A parachute enables a person to execute a controlled fall from a tremendous height and to do so in relative safety. The parachute does this by creating drag and thereby slowing the person's descent. The word parachute derives from the French words para, meaning to protect or shield, and chute, which means to fall. The word parachute means to protect from a fall.
Parachuting has had both military and recreational applications. The average recreational jump is done from an airplane, helicopter or balloon at a height of about 12,000 feet. When a parachutist jumps from an aircraft, they are traveling the same speed as the aircraft, which is about 90 to 110 miles per hour. This initial period, after the jump, is known as "freefall" because the actual chute is not yet deployed. During the first 10 seconds of this freefall, the skydiver may accelerate to about one hundred and fifteen to one hundred and thirty miles per hour while going straight down.
The rate of fall can be controlled somewhat by the position of the skydiver's body. By diving head first, the speed of fall can be altered up or down ten to twenty miles per hour. Jumping in a "standing position" will allow experienced skydivers to reach speeds of one hundred sixty to one hundred eighty miles per hour.

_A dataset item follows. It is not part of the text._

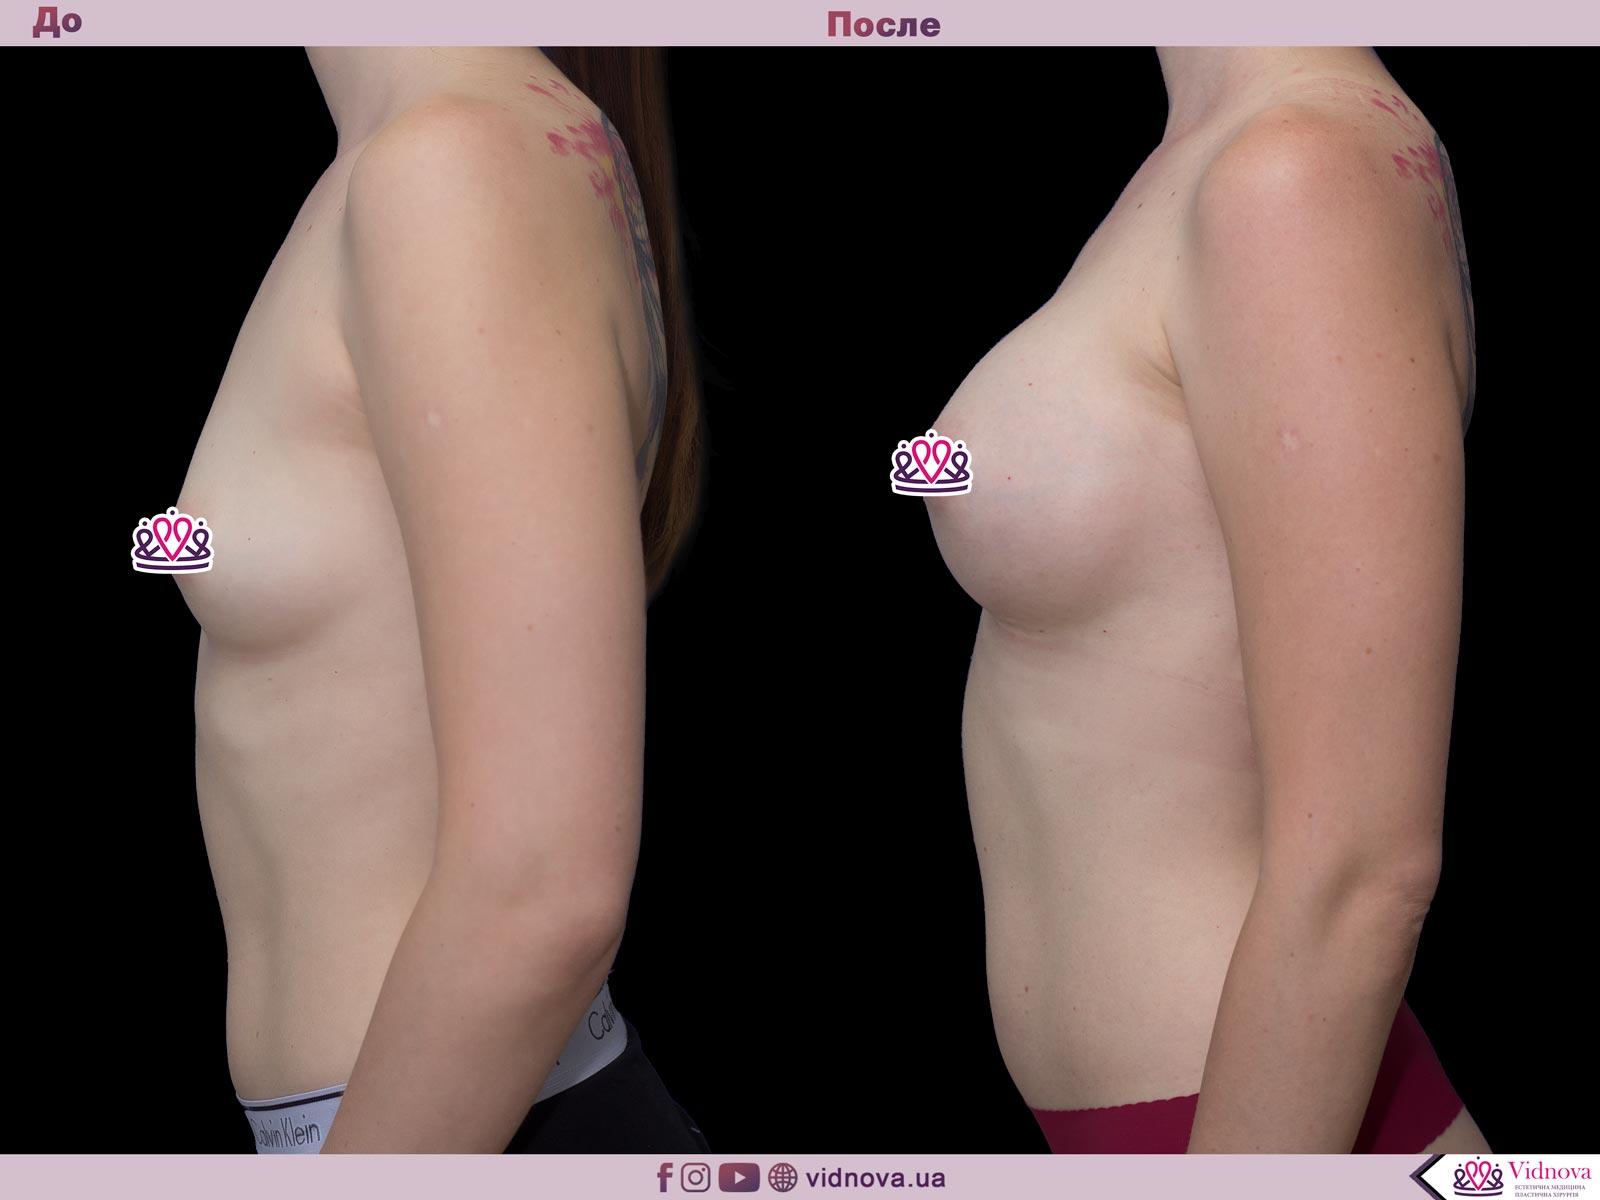 Увеличение груди: Фото ДО и ПОСЛЕ - Пример №45-3 - Клиника Vidnova

The record freefall speed is three hundred and twenty one miles per hour. The descent is slowed again to around one hundred ten miles per hour just prior to deploying the chute and then the descent rate is around one thousand feet per minute.
With the chute deployed, the skydiver can control direction and speed using cords called "steering lines" and hand grips called "toggles." While making a sharp turn, the descent rate may go up to one thousand five hundred feet per minute. The skydiver aims for his "drop zone."
As far as the actual landing goes, the old round canopy has been replaced with a rectangular one that acts like a wing or airfoil. They act more like gliders than umbrellas and allow exceptional maneuverability. With the new design canopy, even a novice can experience a soft touch down.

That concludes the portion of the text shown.